Install a single package in the workspace
AI agents invoke install_package to trigger actions in Node Dev MCP Server. What it does depends on the arguments the agent supplies, and its effects often reach beyond the immediate call — builds kicked off, notifications sent, workflows started.
Installing a package runs external scripts (postinstall hooks, build scripts) from the internet, executes arbitrary code in the environment, and modifies the workspace state. This goes beyond a simple Write because package installation can execute arbitrary remote code via lifecycle scripts, making it an Execute-category action with high severity due to supply-chain attack potential.
From the tool's definition "Install a single package in the workspace" — triggers an external npm/package-manager operation that fetches and executes remote code
Attacks that exploit this kind of access
Install a single package in the workspace. It is categorised as a Execute tool in the Node Dev MCP Server MCP Server, which means it can trigger actions or run processes. Use rate limits and argument validation.
Register the Node Dev MCP Server MCP server in PolicyLayer and add a rule for install_package: allow, deny, rate-limit, or require approval. Point your MCP client at the PolicyLayer proxy URL and the rule is enforced on every call, before it reaches Node Dev MCP Server. Nothing to install.
install_package is a Execute tool with high risk. Execute tools should be rate-limited and have argument validation enabled.
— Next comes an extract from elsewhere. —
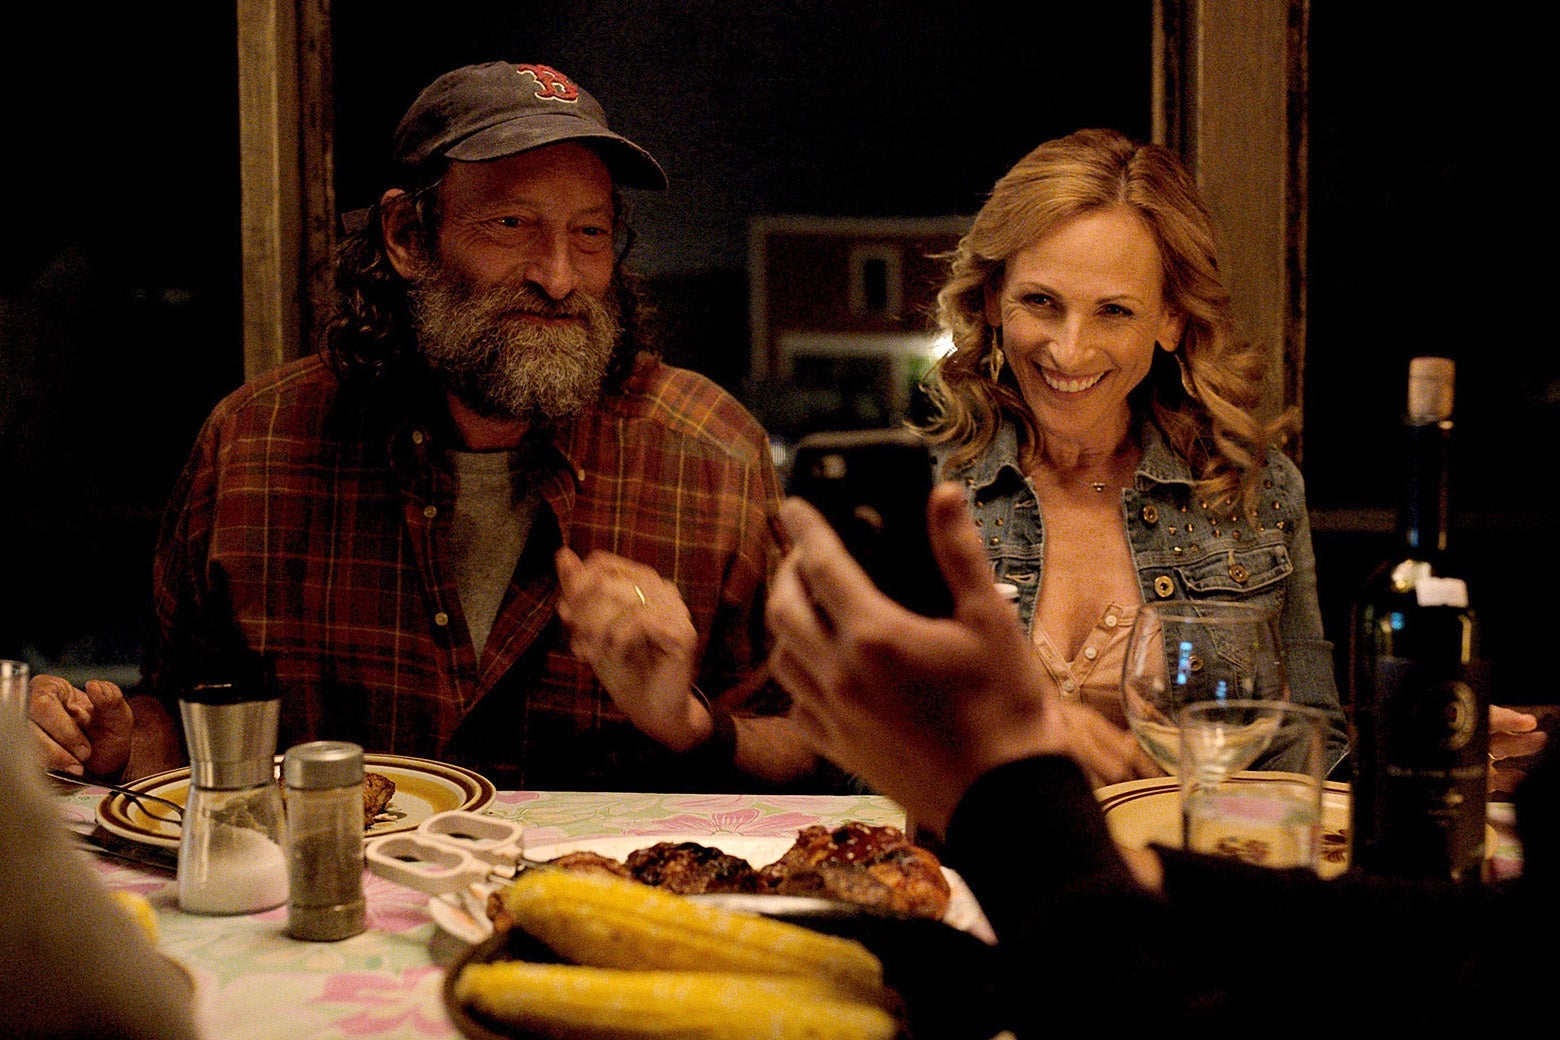 Troy Kotsur and Marlee Matlin, as Frank and Jackie Rossi, smile across a dinner table at a smartphone held by an unseen figure's hand. Frank has a bushy, graying beard and wears a cap with the Red Sox logo.

Yes. Add a rate_limit block to the install_package rule in your PolicyLayer policy. For example, setting max: 10 and window: 60 limits the tool to 10 calls per minute. Rate limits are tracked per agent session and reset automatically.
Set action: deny in the PolicyLayer policy for install_package. The AI agent will receive a policy violation error and cannot call the tool. You can also include a reason field to explain why the tool is blocked.
install_package is provided by the Node Dev MCP Server MCP server (liamcarver/node-dev-mcp-server). PolicyLayer sits as a proxy in front of this server to enforce policies before tool calls reach the server.
Every MCP server has a record like this.
Type a name, get the same breakdown: verified identity, auth posture, risk grade, capabilities, recommended policy.